I don't know where to buy them online. I used to buy them from Laug's Cottages on the west bank at Grand Lake. The term "Laug's Jig" has now morphed to apply to just about any fly-like/synthetic maribou jig. I now buy mine from The Outdoorsman.


----------



## Fletch (Apr 10, 2004)

Thanks for the info WalleyeJones!


----------



## Bigun (Jun 20, 2006)

Ponds = Senko or soft jerk bait

Rivers = Rebel craw, tube, or rooster tail


----------



## fish4life (Jun 27, 2004)

My 2 go to baits when the bite is tough:

Texas rigged Wild thang jr tube w/ 1/8oz bullet weight

Lucky Craft RC0.5dd crankbait. $15.00 but well worth it
#5 shadraps are hard to beat as well.


----------



## riverKing (Jan 26, 2007)

#1 electricity 
#2 seine
#3 curlytail or clouser


----------



## BlueWater (Feb 13, 2005)

Seems like a lot of people really trust the curly tail grub. I know in the Spring it's the first thing I throw when I get to the river.

BlueWater


----------



## SConner (Mar 3, 2007)

Rebel Craw, Rebel Craw, and Rebel Craw


----------



## dddavis (Jul 9, 2007)

#1 purple plow jockey, #2 rebel craw


----------



## Ranger521 (May 18, 2006)

I cant believe you guys have never heard of the carolina rigged hula popper! I bet you've never fished a jitterbug on the bottom either!!!


----------



## BlueWater (Feb 13, 2005)

...but I can see how a weighted topwater bait would work. If you Carolina rig it the topwater bait it will ride just above the weeds. I am sure that will get you some strikes.

BlueWater


----------



## Fletch (Apr 10, 2004)

Ranger521 said:


> I cant believe you guys have never heard of the carolina rigged hula popper! I bet you've never fished a jitterbug on the bottom either!!!

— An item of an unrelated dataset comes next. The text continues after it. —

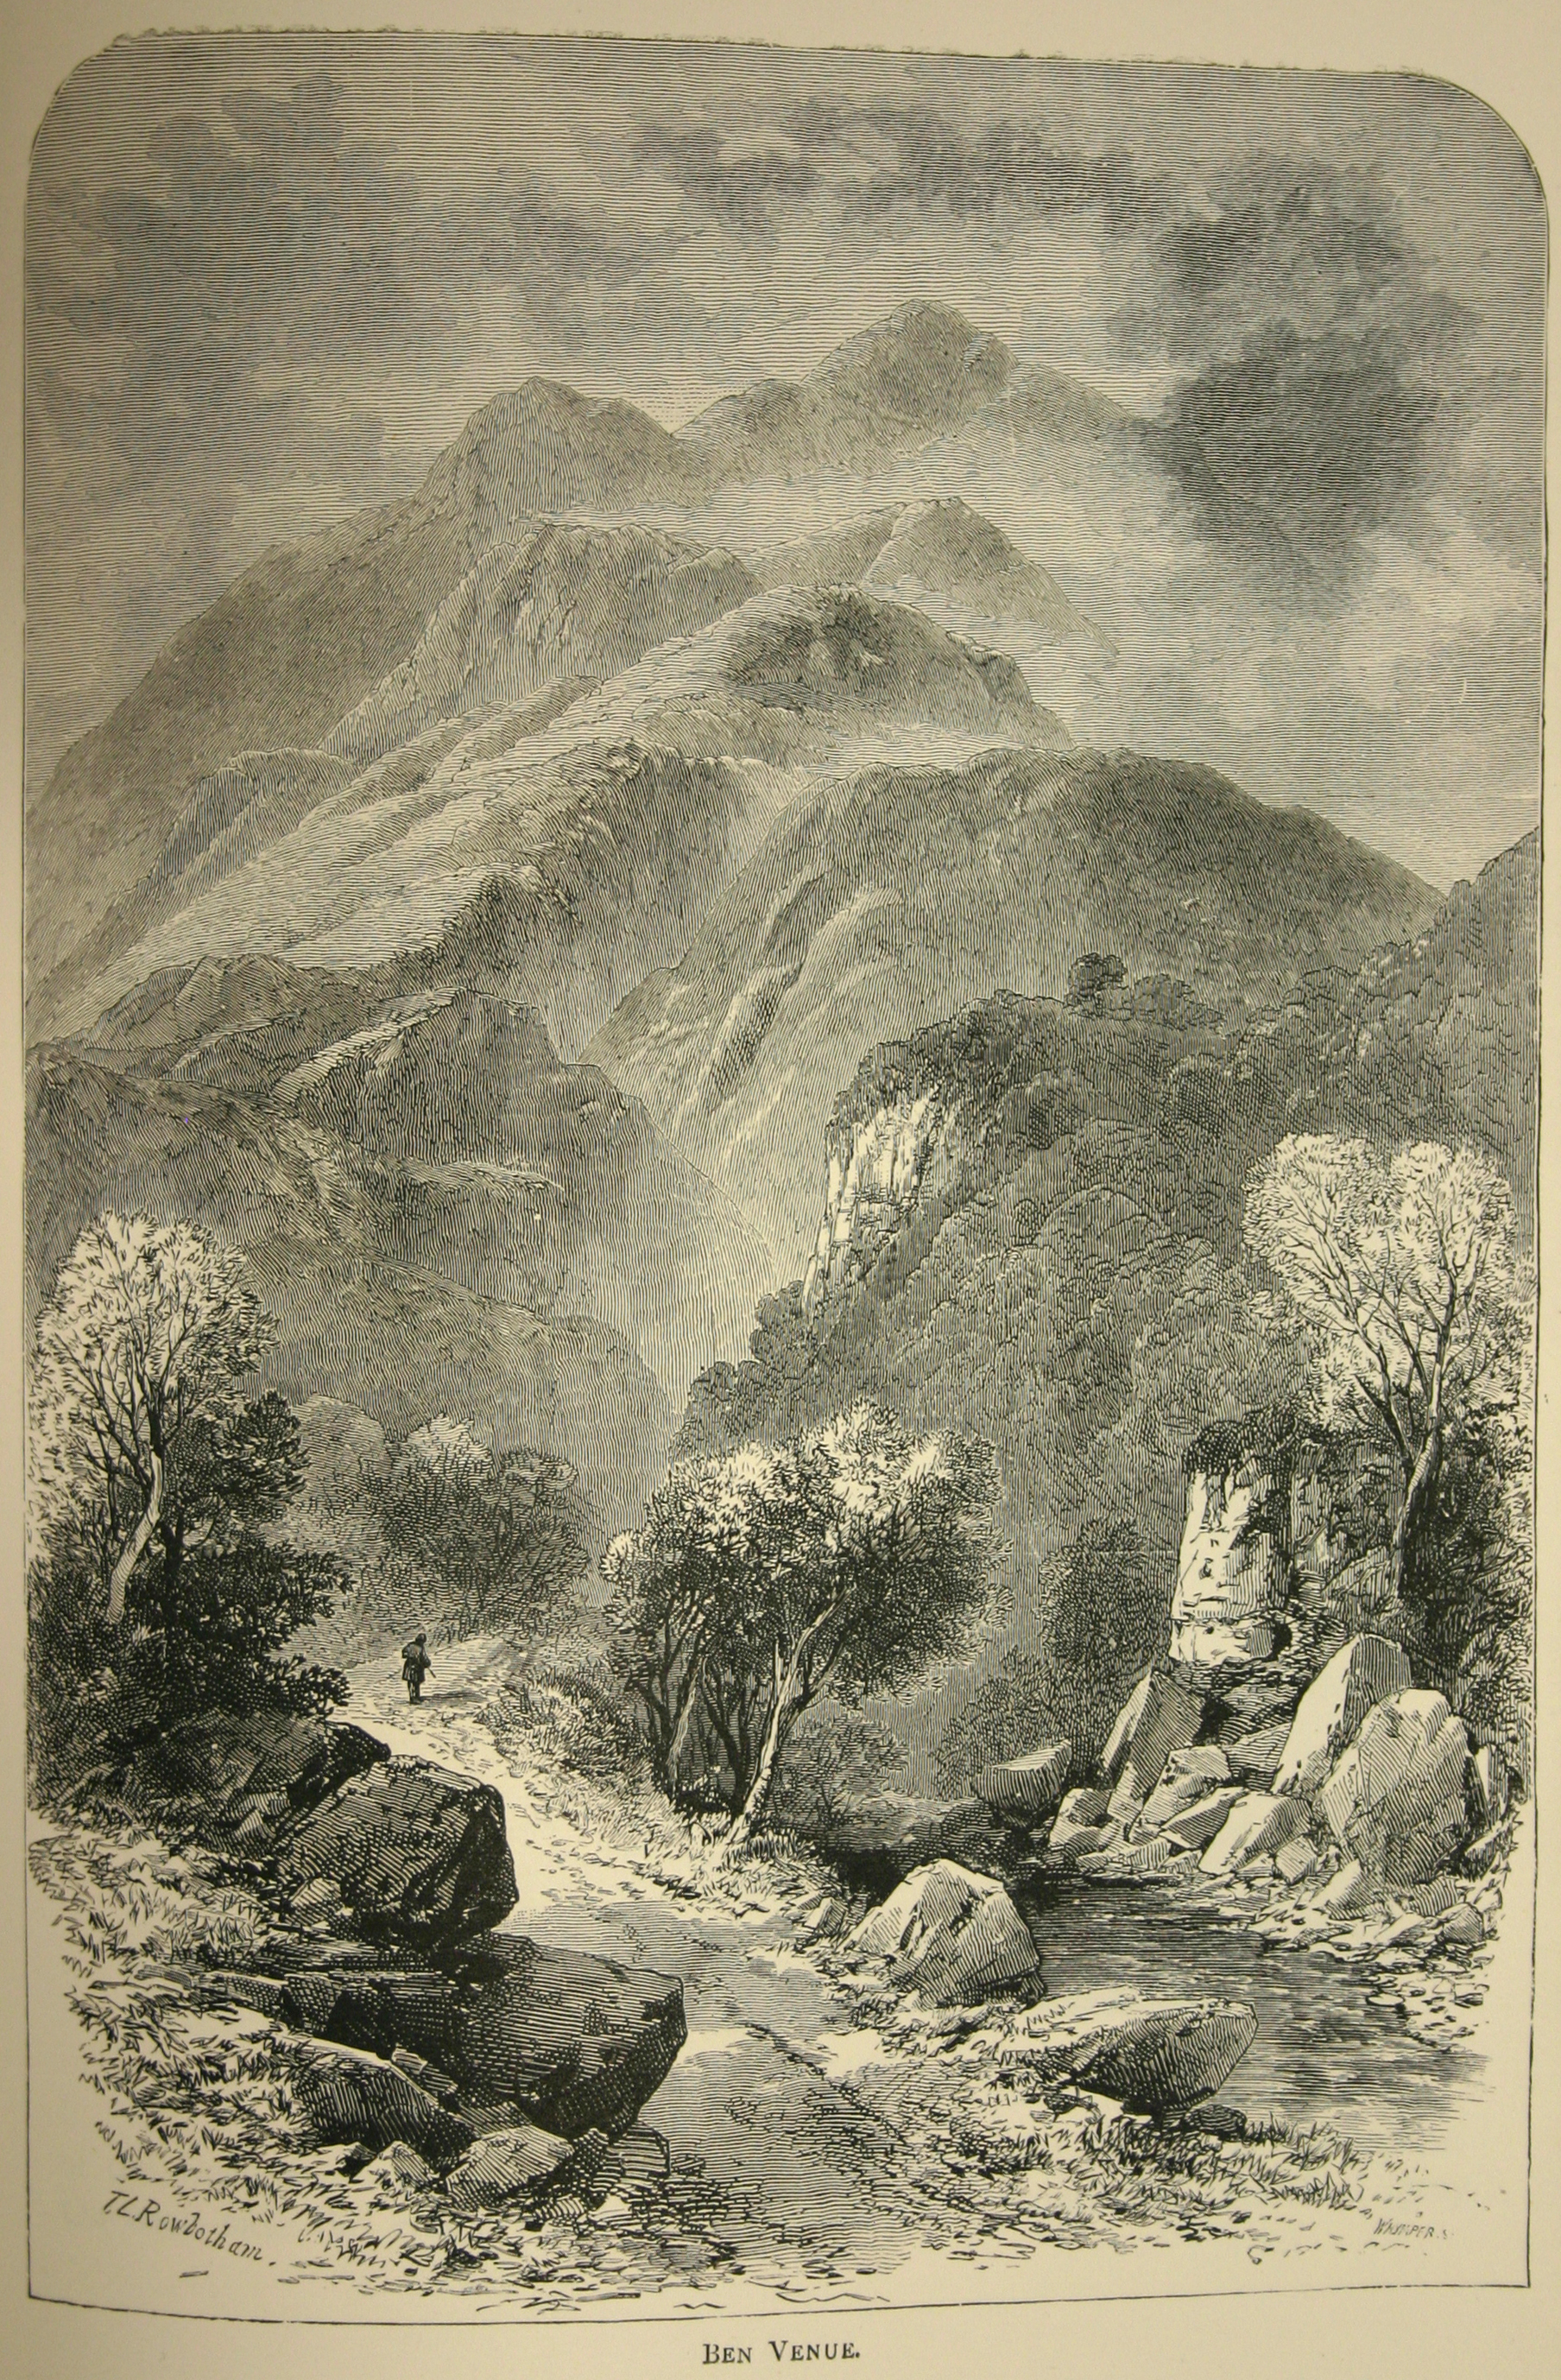 a sample of the archetypally romantic view of Scottish scenery, from Scottish pictures drawn with pen and pencil by Samuel G. Green (London, 1886) sDA865.G8)

Well, I've heard of rigging top waters carolina rig style, but it was at the cabin and if I remember correctly I think alcohol was involved :>)

Actually, I have tried this with a crank bait that normally ran about 1 foot deep. It was difficult to fish that way but I did catch a couple of fish in about 25 feet of water.

I have to go fishing with you Ranger521 !


----------



## auglaizewader (Aug 30, 2007)

#1 - by far 3" gulp curlytail minnow in chartreuse
#2 - watermelon tube with internal jighead hooked weedless 
#2 - floating rapala (firetiger or hot olive)


----------



## fieldlab (Mar 5, 2005)

Totally agree with you, but curious what colors/size works best for you given your target, season, environ., etc.... Since I love them so much, can't resist learning what I can. p.s. what do you think of those Strong versions? Thanks!


----------



## starinvestor (Mar 11, 2008)

Rapala Shadrap (Silver or White)
Bomber


----------



## WalIkng (Nov 28, 2007)

husky jerk, curly tail, Rebel Craw


----------



## JPfishing (Mar 13, 2008)

Being from florida I cannot help but use a 6-7" plastic worm (color depends on water clarity) with a bullet weight. 

A jig and craw rig is also killer when i fish for smallies. 

Nothing like live bait though


----------



## smokeyjoe (Jan 15, 2008)

3/16 black blue jig with a black blue #11 pork frog pork not plastic in ohio will catch more better fish...my other favorite is a rebel craw in the creeks and rivers


----------



## buzzing byrd (Feb 27, 2008)

1. Black and Blue chatter bait
2. chartreuse and white buzzbait
3. zara pup
4. mepps aglia
fly rod,
olive wooly bugger


----------



## shadesplace (Aug 27, 2004)

I prefer Gary Yamamoto Black 4" Swim tail grubs w/ a 3/16 - 1/4 ounce jig head. The more salt the better....Gary knows how to salt the lures......

ALso use the G.Y. creatures for bigger bass.....


----------



## 1badmthrfisher (Apr 4, 2005)

10" lizard


----------